Ces initiatives sont constructives dans leurs formes les plus accomplies comme dans les plus émergentes – de la ressourcerie de quartier à l’association pour le maintien d’une agriculture paysanne (Amap) en passant par la finance éthique et solidaire ou des services de soins et d’accompagnements mutualistes.

Depuis des générations, des solidarités humaines et des mobilisations collectives

Le troisième chapitre, « Les territoires de l’innovation de l’ESS » décrypte comment s’ancre l’économie sociale et solidaire dans le pays, dans les sociétés d’hommes et les terroirs. Ce lien réside dans l’agrégation de besoins et de compétences au service d’une cause ou d’un service à rendre au collectif. Ce lien est enraciné dans les territoires par des histoires et des générations de solidarités humaines, de mobilisations collectives, de savoir-faire partagés.

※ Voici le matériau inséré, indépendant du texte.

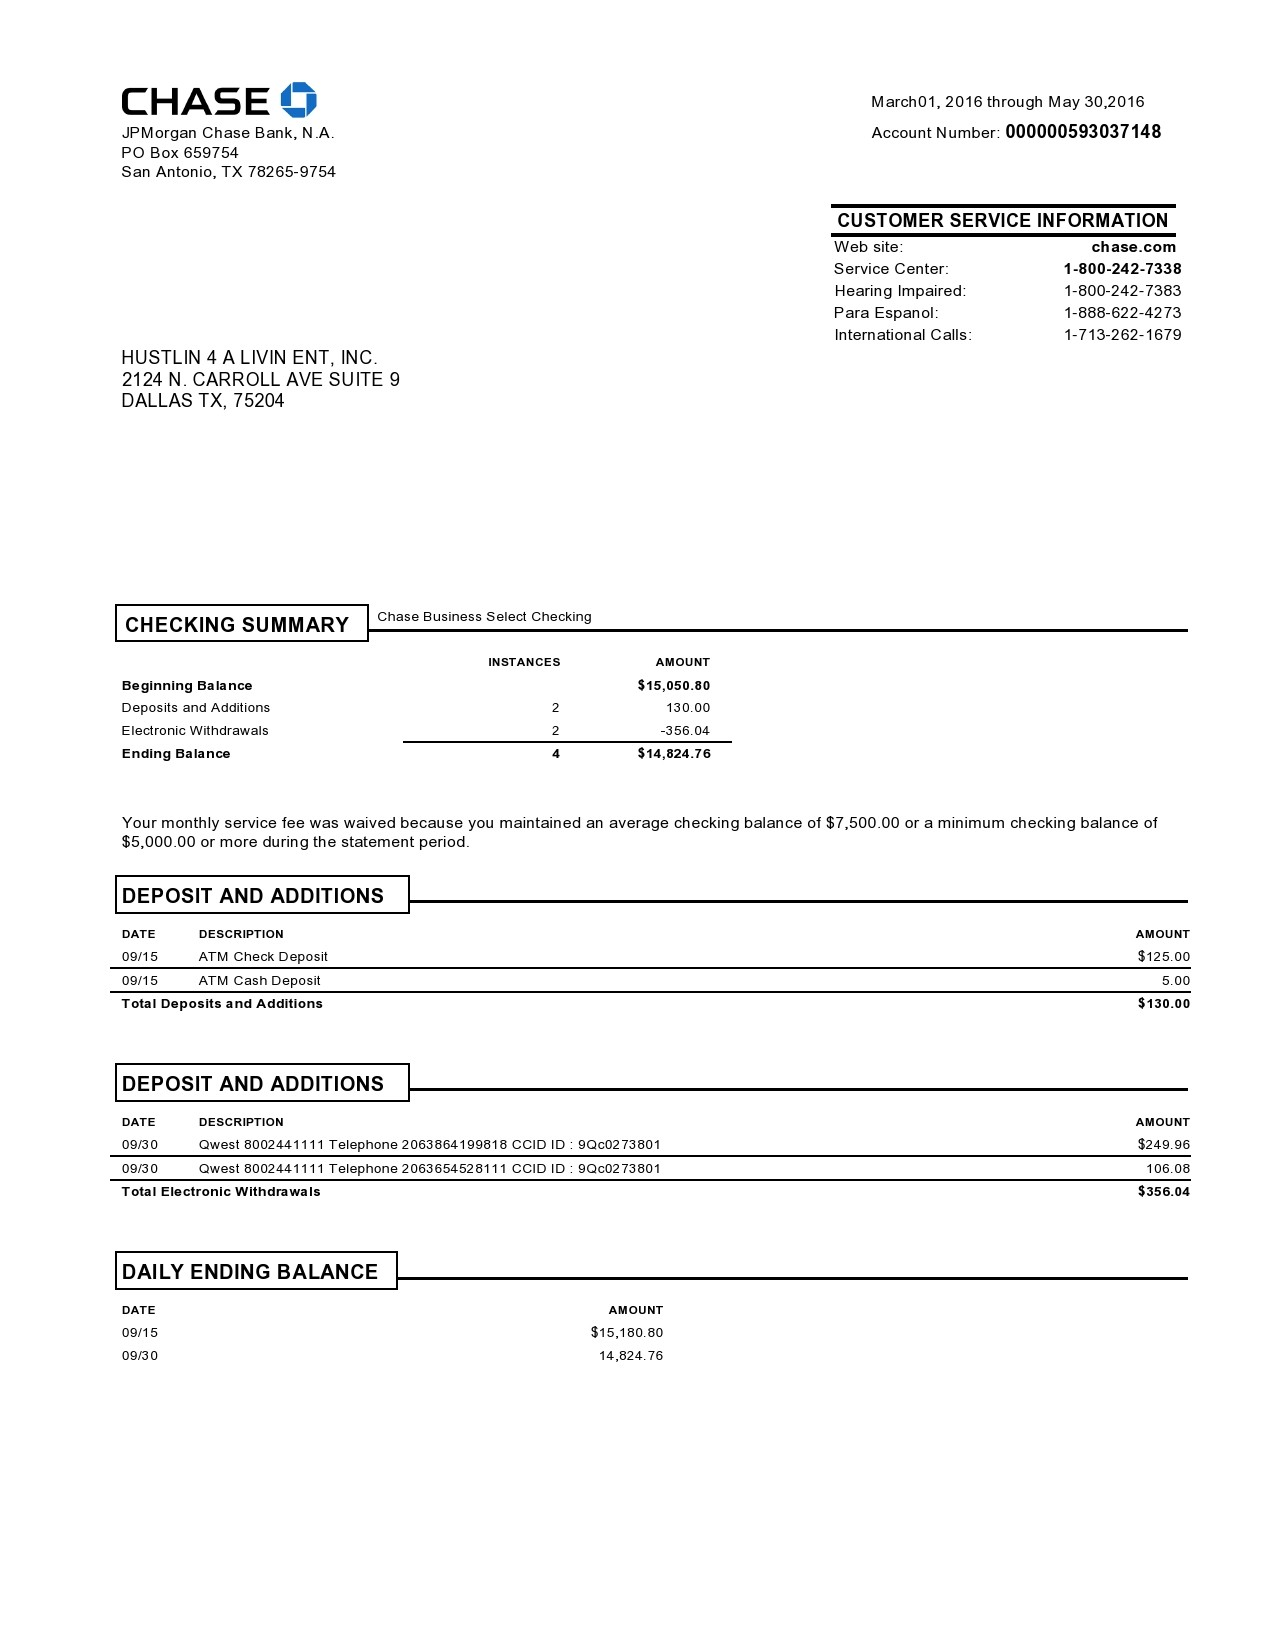 Free Chase Bank Statement - TemplateLab.com

La « pâte humaine » est dans toutes ces « sociétés de personnes », constituées par les apports de chacun en numéraire ou en nature – ici ouvriers du bois ou viticulteurs, là travailleurs sociaux ou encore artistes.

Redéfinir le contrat social

Le dernier chapitre, « L’entreprise et la démocratie, une réconciliation nécessaire » est l’occasion de rappeler que « le travail est toujours, pour une immense majorité de Français, source de revenus, mais aussi producteur de sens et de dignité (ce qui justifie qu’il devienne un « métier » ou une « profession »), moteur d’émancipation et surtout créateur de droits constituant une protection contre les aléas de la vie. » Il y a donc un enjeu fort à la clé : la redéfinition du contrat social. Ce nouveau contrat social pourra être une protection de base, universelle, constituée de droits sociaux, voire d’un revenu minimum d’activité. Dont tout le monde, vraiment tout le monde, bénéficierait.

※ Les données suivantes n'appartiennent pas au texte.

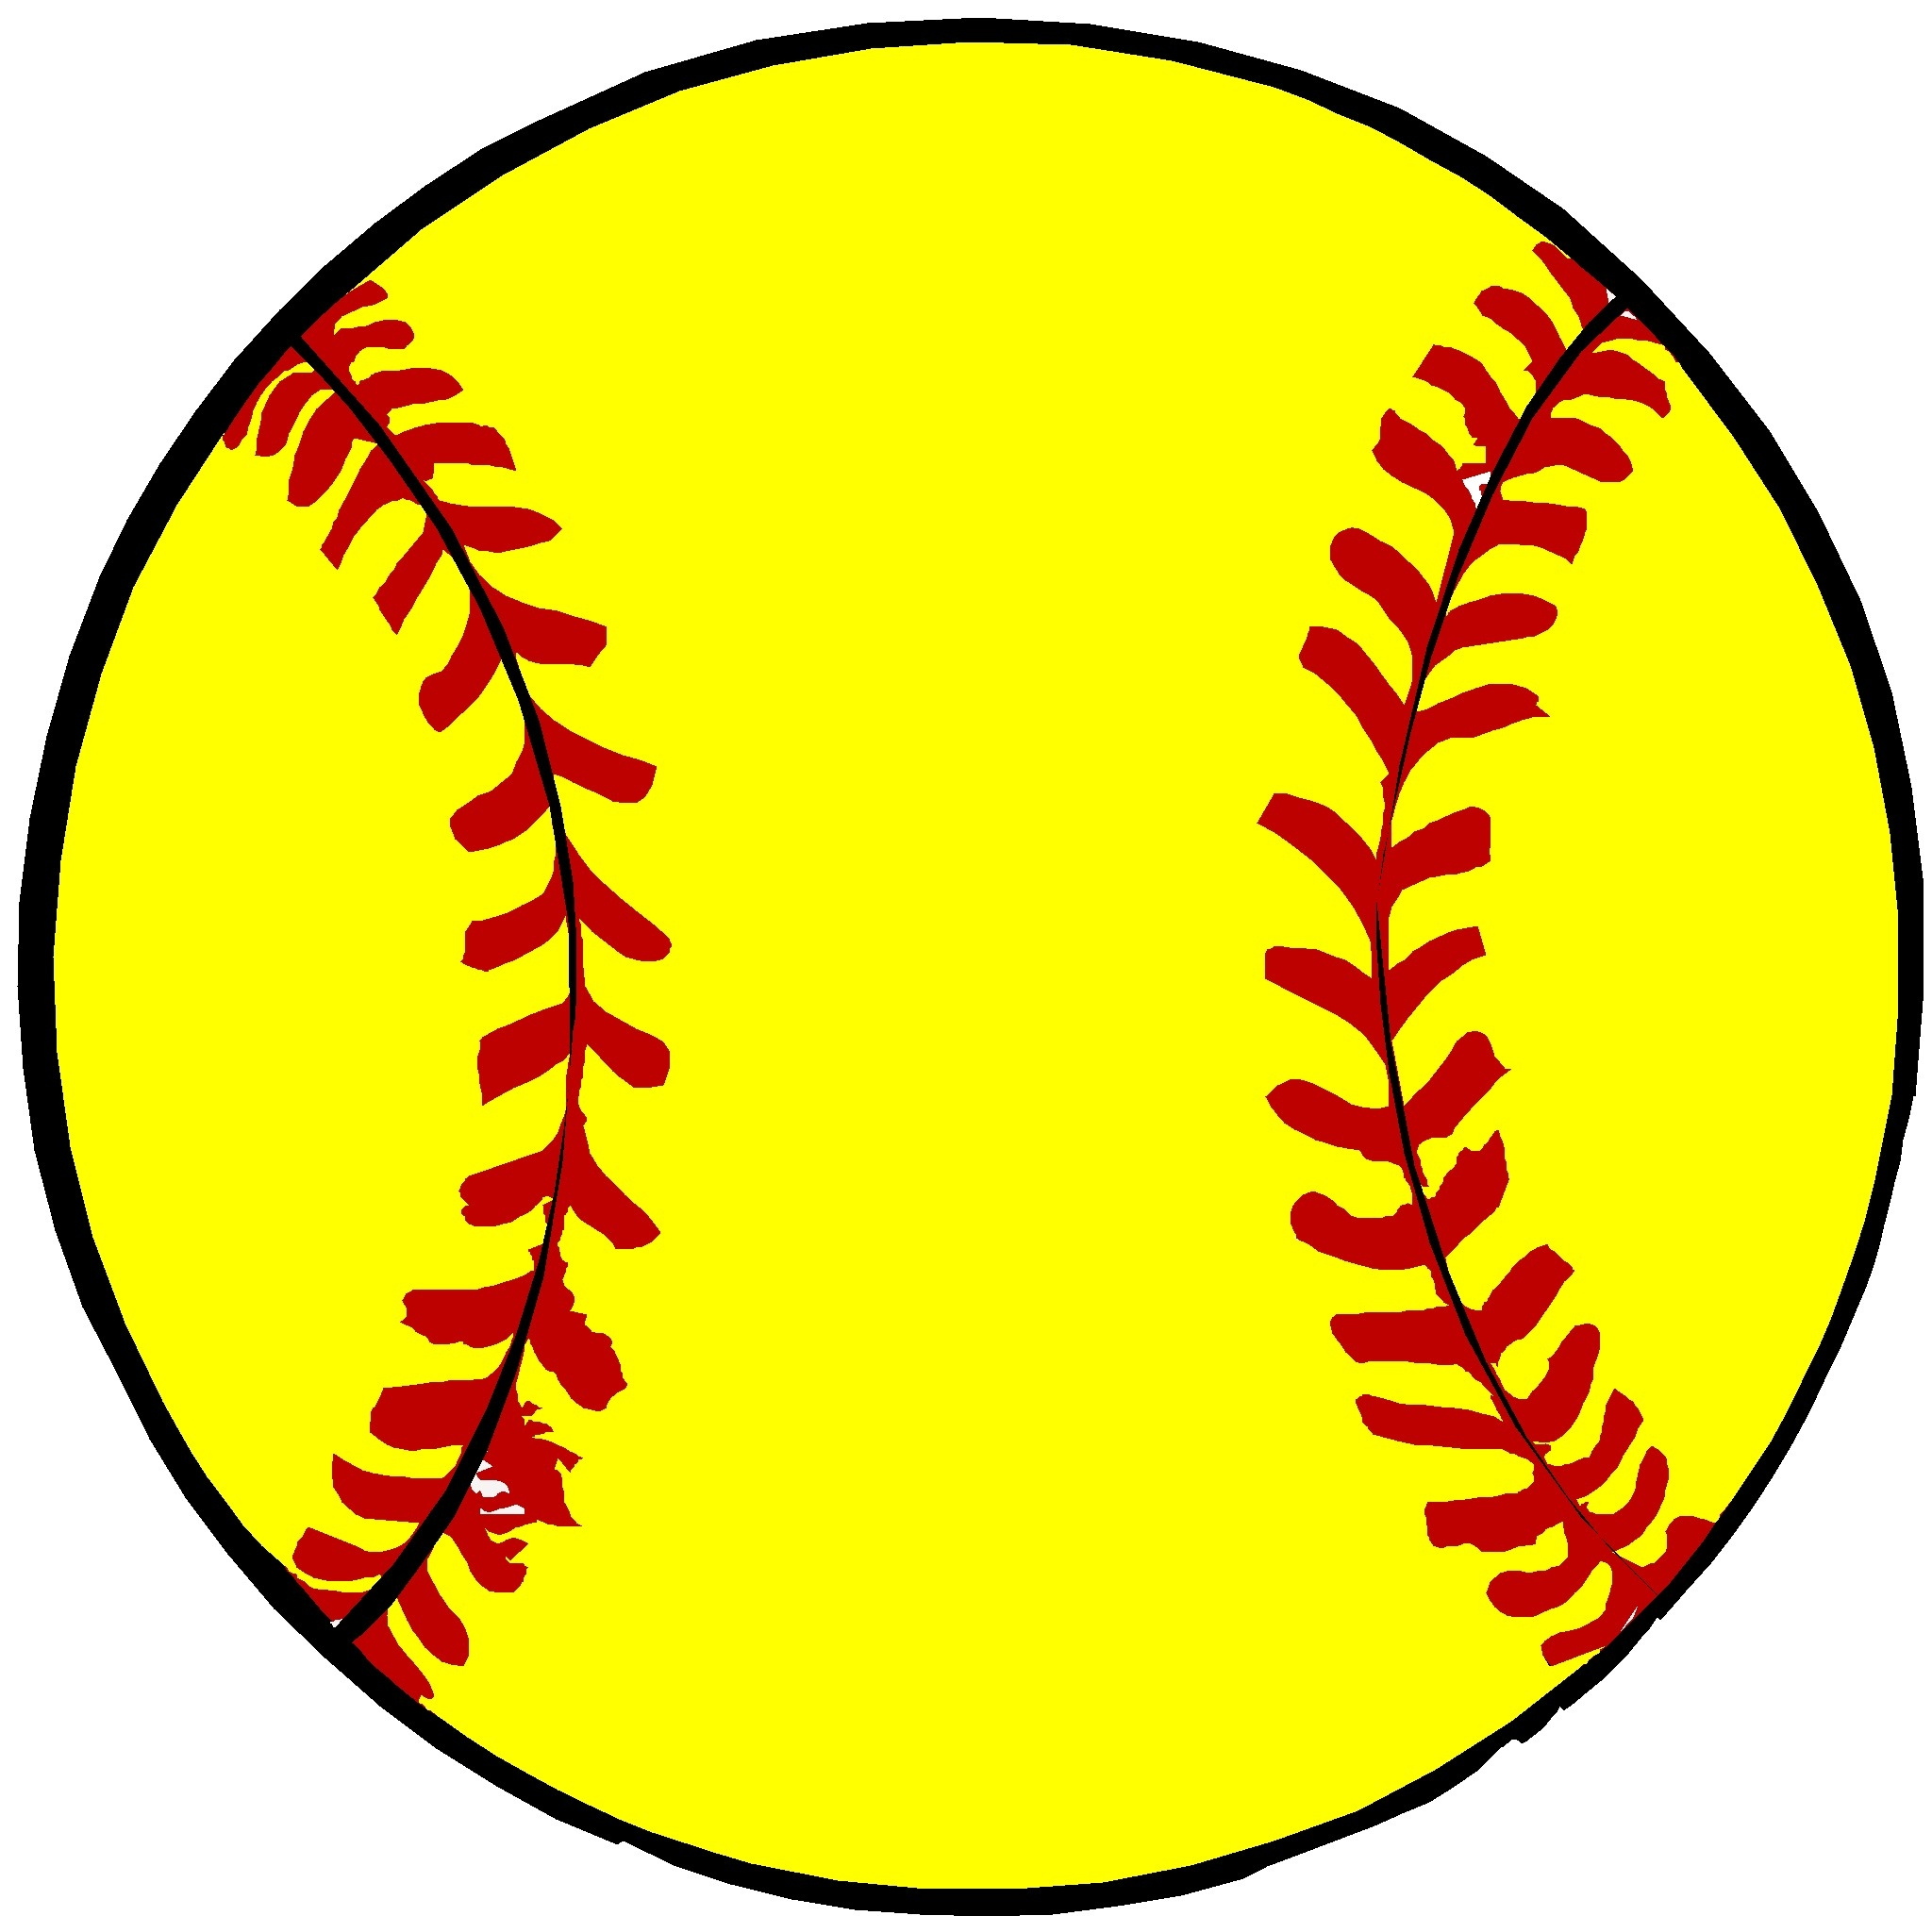 Softball clipart. New design digital collection

Un grand rôle à jouer pour les acteurs de l’ESS

Les idées peuvent changer le monde et l’ESS (l’économie sociale et solidaire) doit y contribuer, dans le cadre d’un projet politique plus large réconciliant la République, la citoyenneté, l’économie et l’écologie. Et Jérôme Saddier d’en appeler aux acteurs de l’ESS : pour créer les conditions politiques du changement, inspirer le reste du monde économique, oser investir et prendre part au débat public.

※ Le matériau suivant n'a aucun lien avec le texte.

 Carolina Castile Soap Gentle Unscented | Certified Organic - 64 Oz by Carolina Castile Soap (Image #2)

Le 19e siècle a été celui de la construction de l’égalité. Le 20e, celui de la quête de la liberté. Ces tendances peuvent contribuer à faire du 21e siècle celui de la conquête de la fraternité.

* Éditions Les Petits Matins, collection Mondes en transitions. Avril 2022. 144 pages.

À noter : un débat a été organisé sur le thème du livre de Jérôme Saddier (vidéo du replay), le 24 mai 2022, par l'association des lecteurs d'Alternatives Économiques

Que représente l’économie sociale et solidaire ?

La loi du 31 juillet 2014 donne cette définition légale de l’économie sociale et solidaire (ESS) : « un mode d’entreprendre et de développement économique adapté à tous les domaines de l’activité humaine ».

Aujourd’hui, en France, le Panorama de l’ESS (publication de l’Observatoire national de l’ESS) fait état de 2,6 millions d’emplois (dont 67 % occupés par des femmes), créés par 154 679 entreprises et 212 718 établissements. L’ESS est très présente notamment dans l’action sociale (59,5 % des emplois de ce secteur), les sports et les loisirs (58,1 %), les arts et spectacles (31,1 %), les activités financières et assurances (29,7 %).

L’économie sociale et solidaire compte aussi 1,3 million d’associations (représentant 2 millions d’emplois et un budget cumulé de 111 milliards d’euros), 23 880 coopératives, 7 329 mutuelles et 721 fondations.